Wednesday, July 13

a short story

I've been inspired by F. Scott Fitzgerald to write about real things in my life... he once said that every writer has a few experiences which affect him/ her profoundly, and they draw most of their work from those few experiences. So, I am writing a story based on real things, and on speculations about the gloomy looking red headed boy on the side of the road.

The red-headed boy walked in a cloud of gloom, drawing to him all the doom and depression hidden under the mask of an idyllic summer day. Ten minutes walk from the center of twon, the unlined road he lived on felt to him like a wild borderland. Adventures-to-be-had tugged at him, chained to his legs, the late afternoon torment of a teenaged Jacob Marley dragging around him as he trudged the straight street of boredom.

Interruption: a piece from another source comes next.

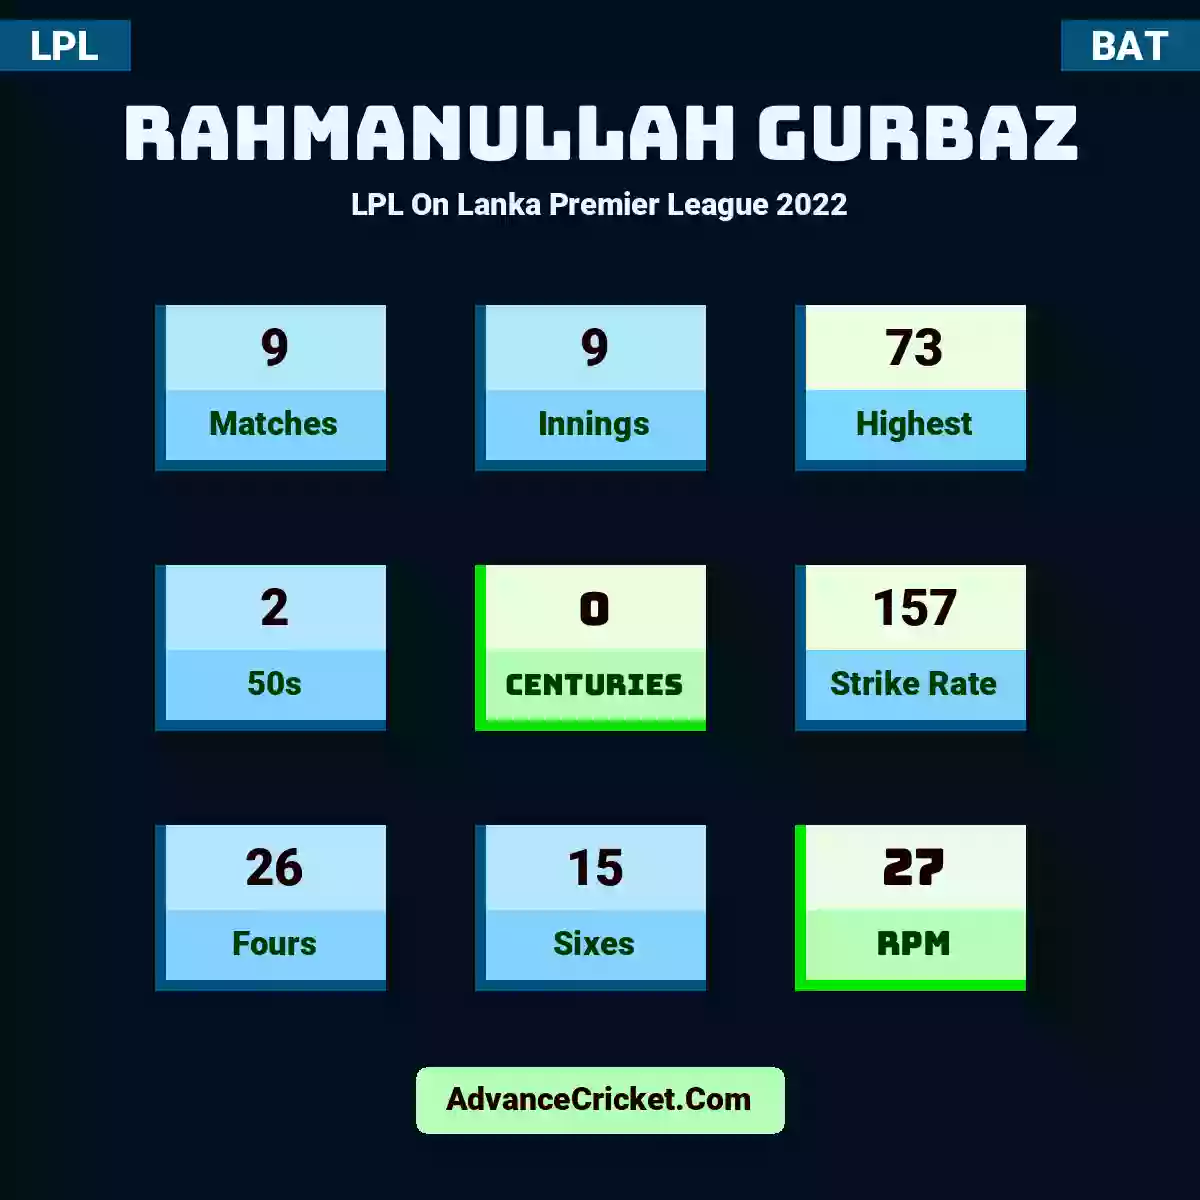 Rahmanullah Gurbaz LPL  On Lanka Premier League 2022, Rahmanullah Gurbaz played 9 matches, scored 73 runs as highest, 2 half-centuries, and 0 centuries, with a strike rate of 157. R.Gurbaz hit 26 fours and 15 sixes, with an RPM of 27.

His first year of high school had ended in the controlled chaos of final exams, with little studying to be done and most of his last school days spent playing Hi Lo Jack and talking about funny lines from raunchy comedies in a cafeteria with the unofficial slogan "One Thousand pieces of Tacky Gum Under Every Table." He had thought up the slogan himself, but credit was given to Joe Siphon who, by some combination of volume and popularity, was considered funny. The afternoon after the slogan became the high school's most widely spread joke, the red-headed boy explained to his friends over a bowl of barbecue flavored chips his chagrin at being overlooked, although he tried to make it sound as if he didn't really care. His friends always met at his house because his parents, who by some combination of a well-stocked junk food pantry and a nonchalance towards swearing, were considered cool. Mr. and Mrs. Fletcher-Smith didn't receive quite the same regard from their son, who at that point couldn't see to forgive them of their capital sin: meeting through a love of fantasy role-playing and then naming their only son Haraldain after his father's alter-ego, a princely master of the blade, third in line for the throne of Alderia.

The family vacation was at first too remote from the life-nexus which for two glorious weeks had seen not a single hall pass in its corridors. Here I will add more to the details of the family vacation. In the next paragraph, it's back to Haraldain walking along the road.

He felt as if he were being sucked into a vacuum. Pondering the career perks of being a door-to-dooor vacuum cleaner salesman, he waded through the eighty degree ennui of Pendulum Peak Road, past a cluster of "Beware of Dog" signs which hinted at dripping fangs and high voltage canine rage. Haraldain kicked at an empty Coke bottle on the side of the road, as if to punish it for giving him even less mental stimulation than the finer details of door-to-door selling or the contrast between the high fence with its warning signs and the pair of cocker spaniels which it actually contained.